Task to carry out:
Apart from the images, the entire listing below must be restated word for word.

*** Opening Given information ***

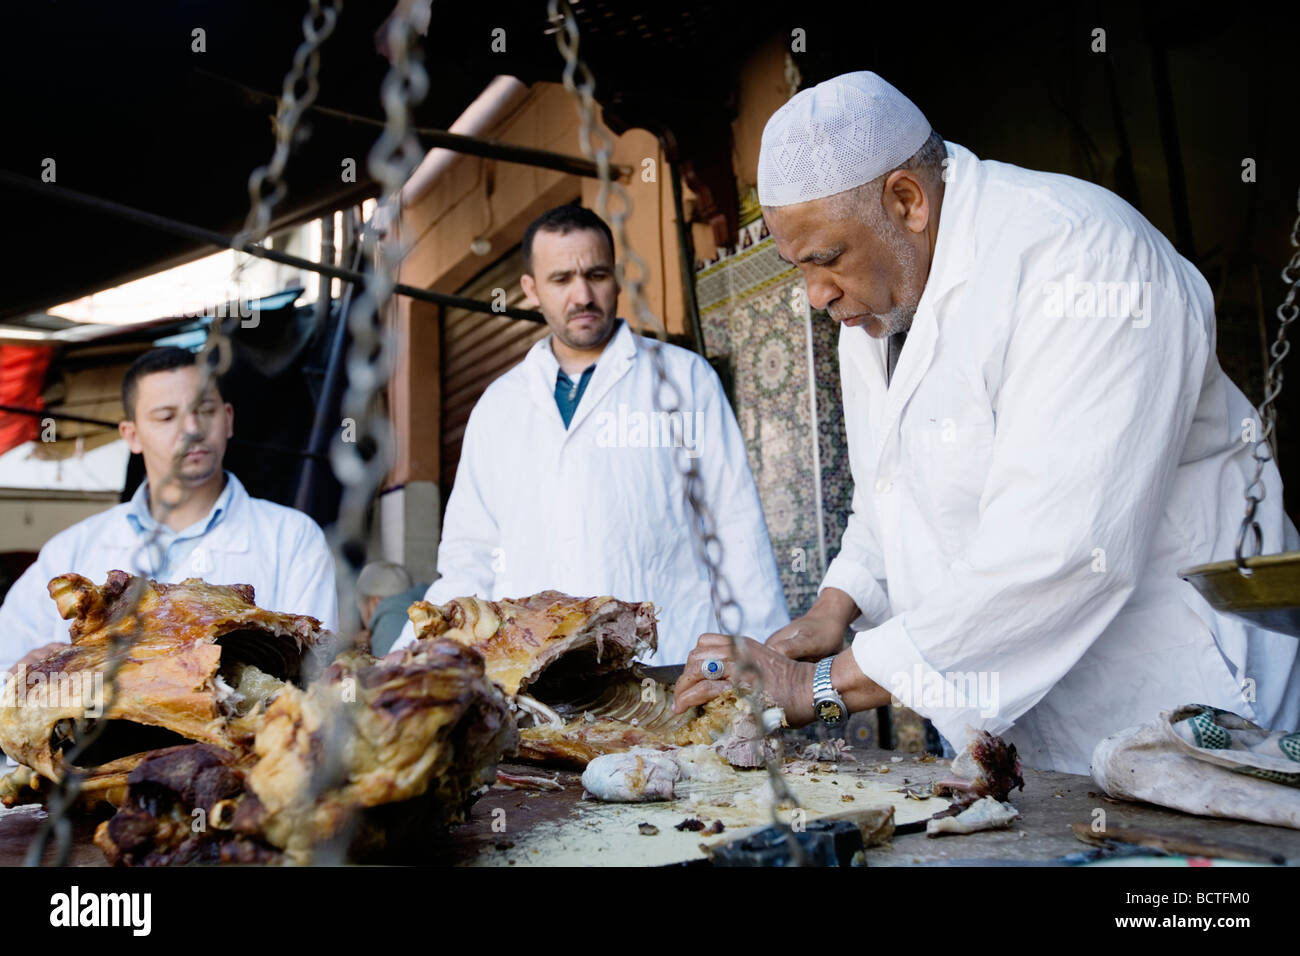 L'uomo vendita di deliziosi piatti a base di carne di agnello in un vicolo del mercato (souk o souq) nella città vecchia (a) Medina di Marrakech, Marocco. Foto Stock
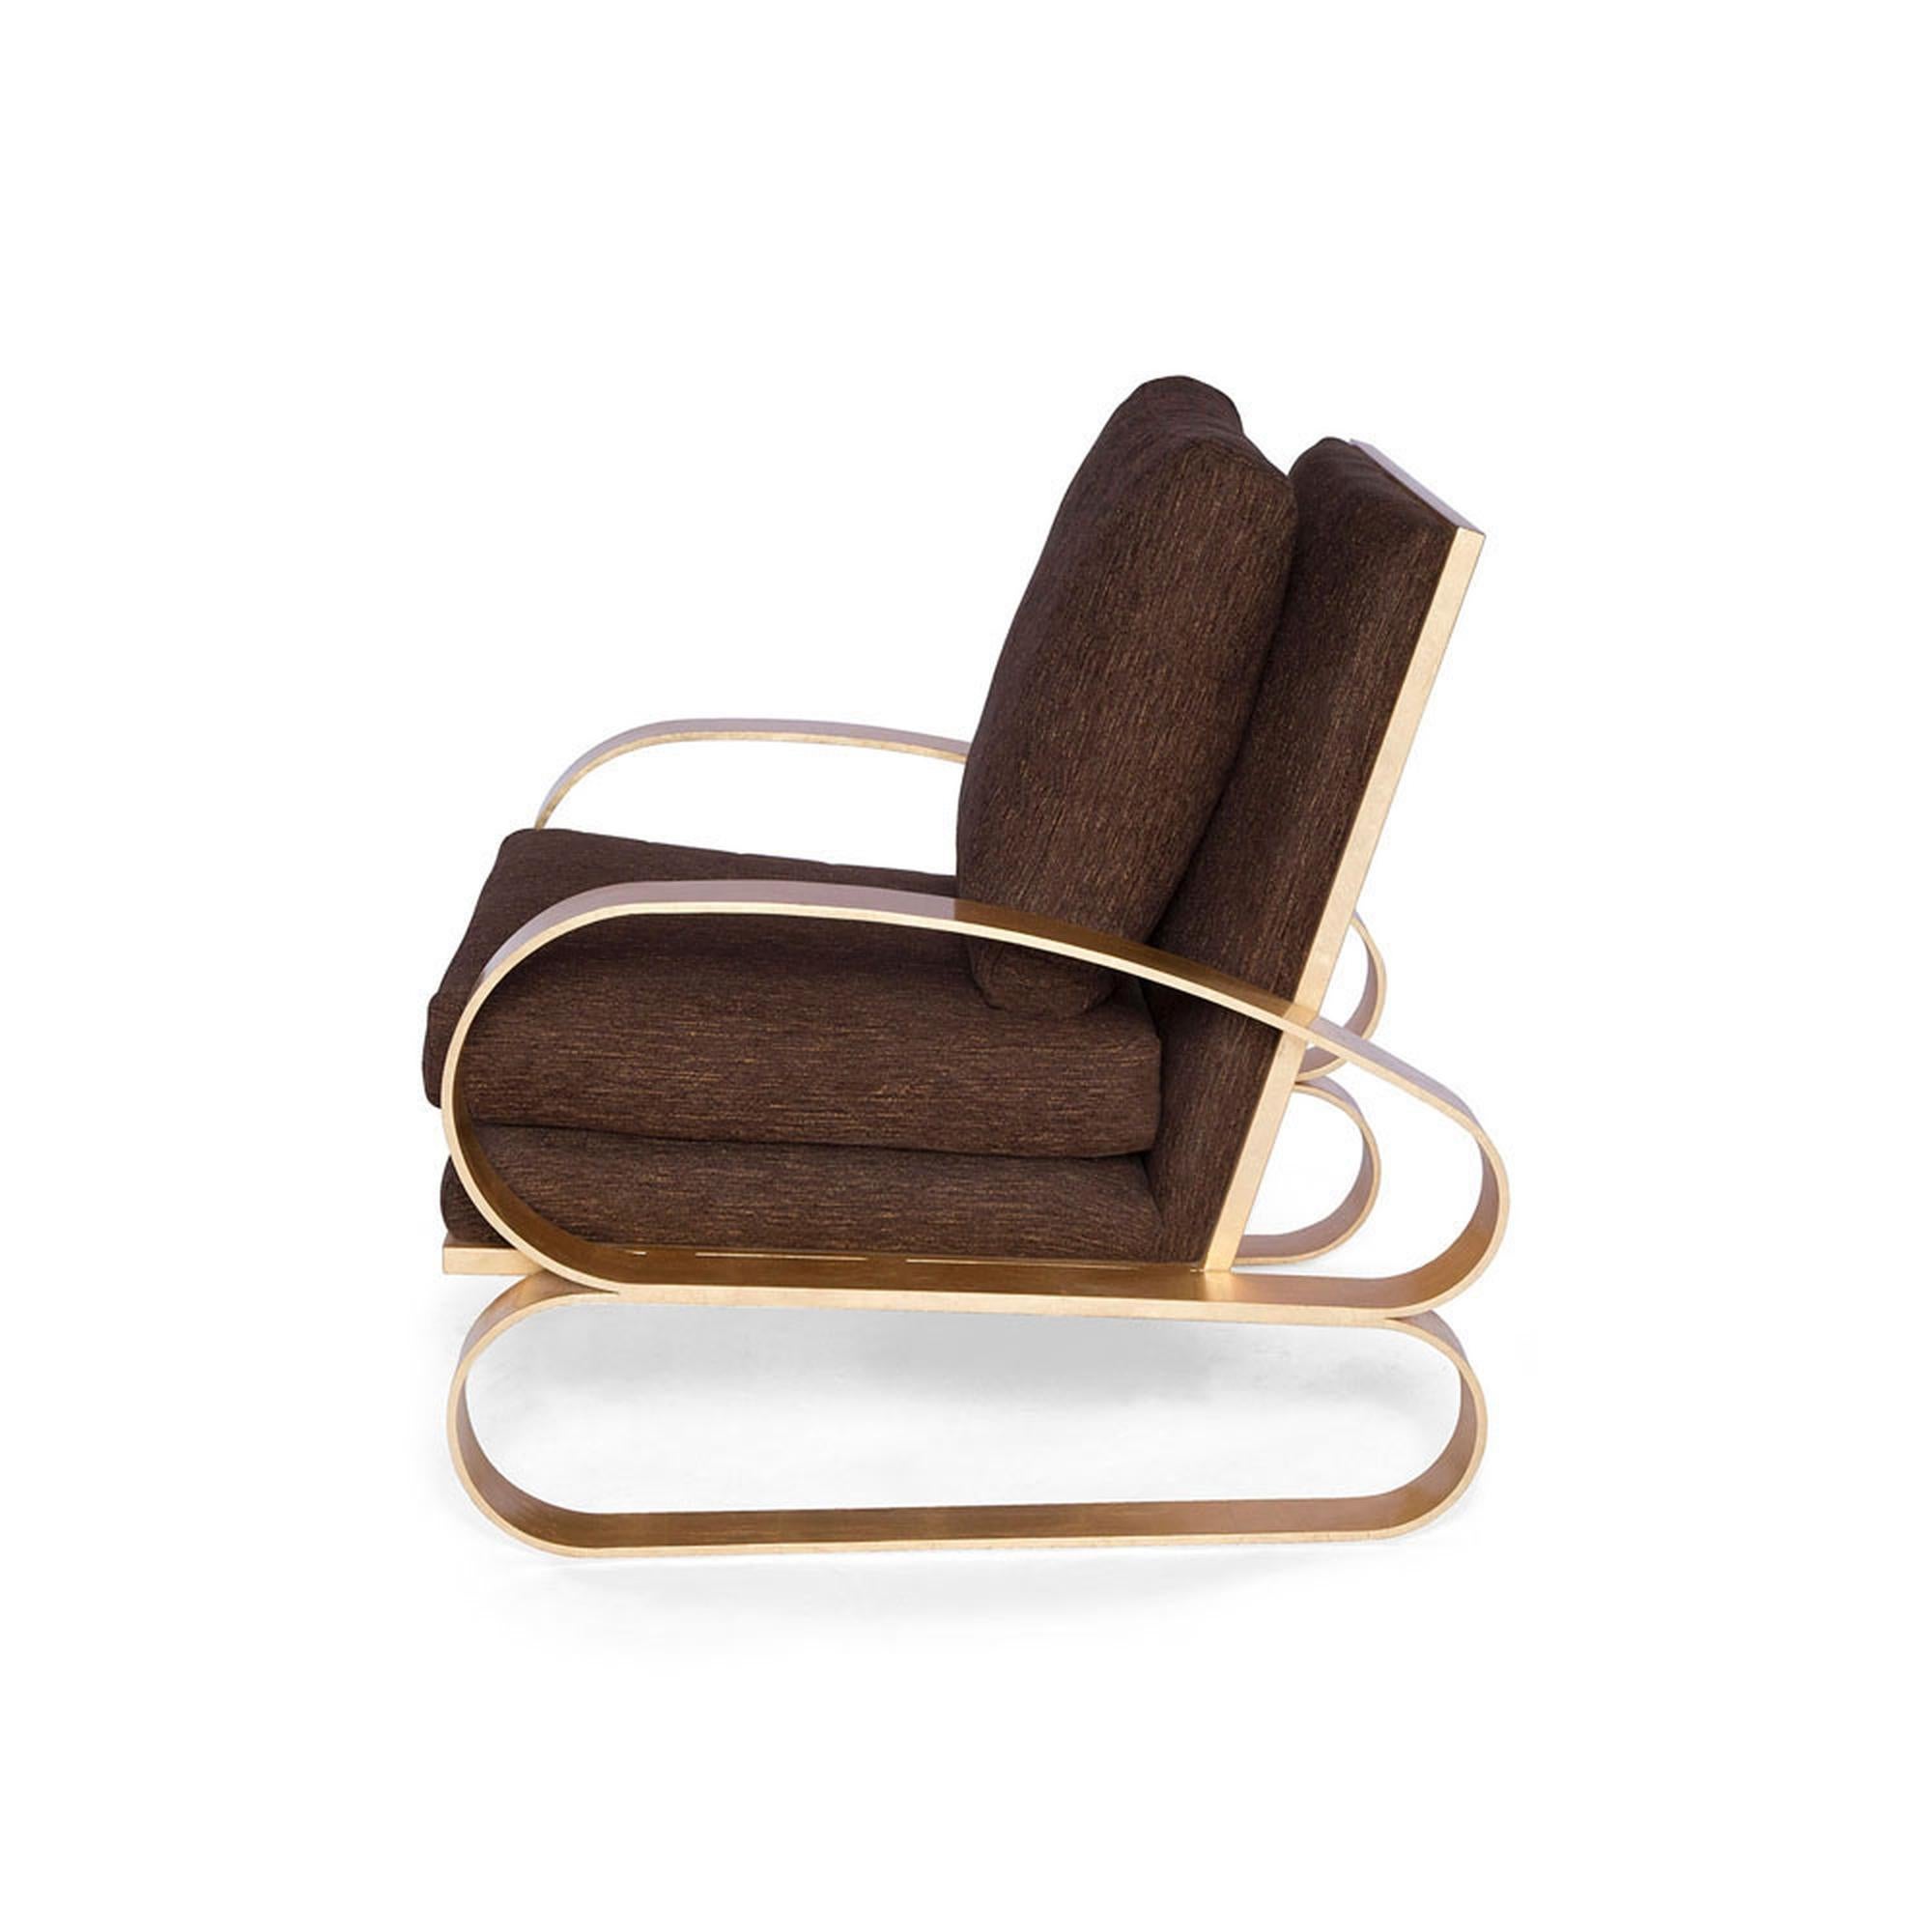 Mit seinem überdimensionalen architektonischen Metallgestell und der luxuriösen, tief gepolsterten Sitzfläche spielt der Monterey Lounge Chair II mit den Proportionen und erzielt so eine beeindruckende Wirkung. Der handvergoldete Sockel und die
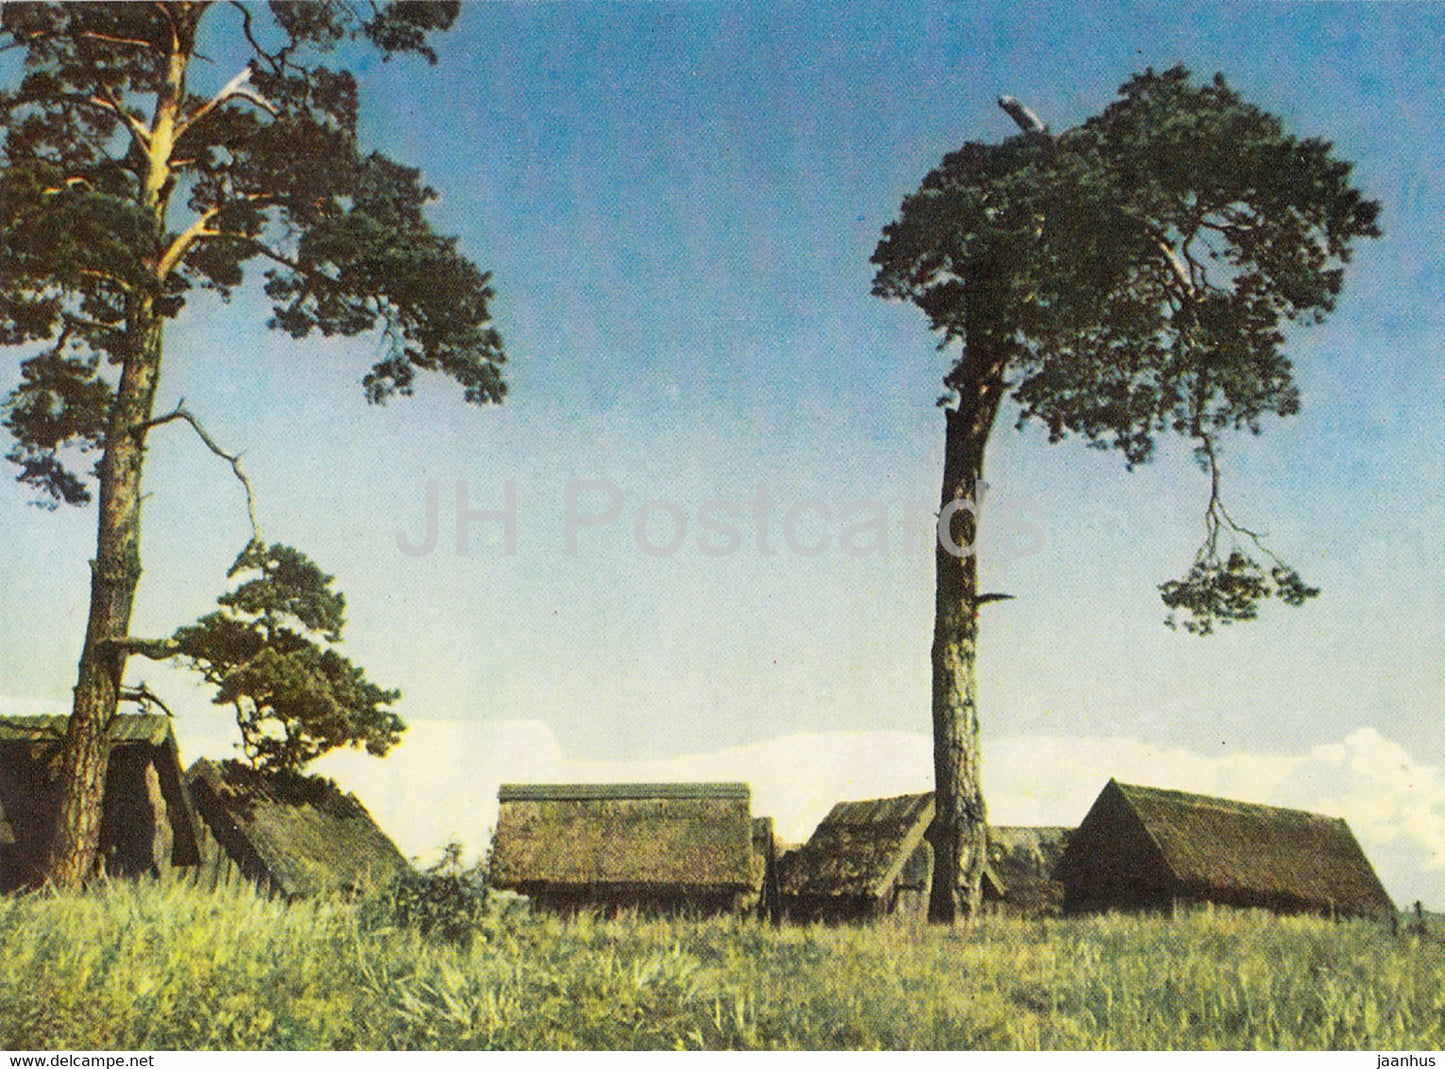 Jurmala - Net Cabins in Lapmezciems - Latvia USSR - unused - JH Postcards

*** Closing Given information ***

Output of the task:
 L'uomo vendita di deliziosi piatti a base di carne di agnello in un vicolo del mercato (souk o souq) nella città vecchia (a) Medina di Marrakech, Marocco. Foto Stock
 Mit seinem überdimensionalen architektonischen Metallgestell und der luxuriösen, tief gepolsterten Sitzfläche spielt der Monterey Lounge Chair II mit den Proportionen und erzielt so eine beeindruckende Wirkung. Der handvergoldete Sockel und die
 Jurmala - Net Cabins in Lapmezciems - Latvia USSR - unused - JH Postcards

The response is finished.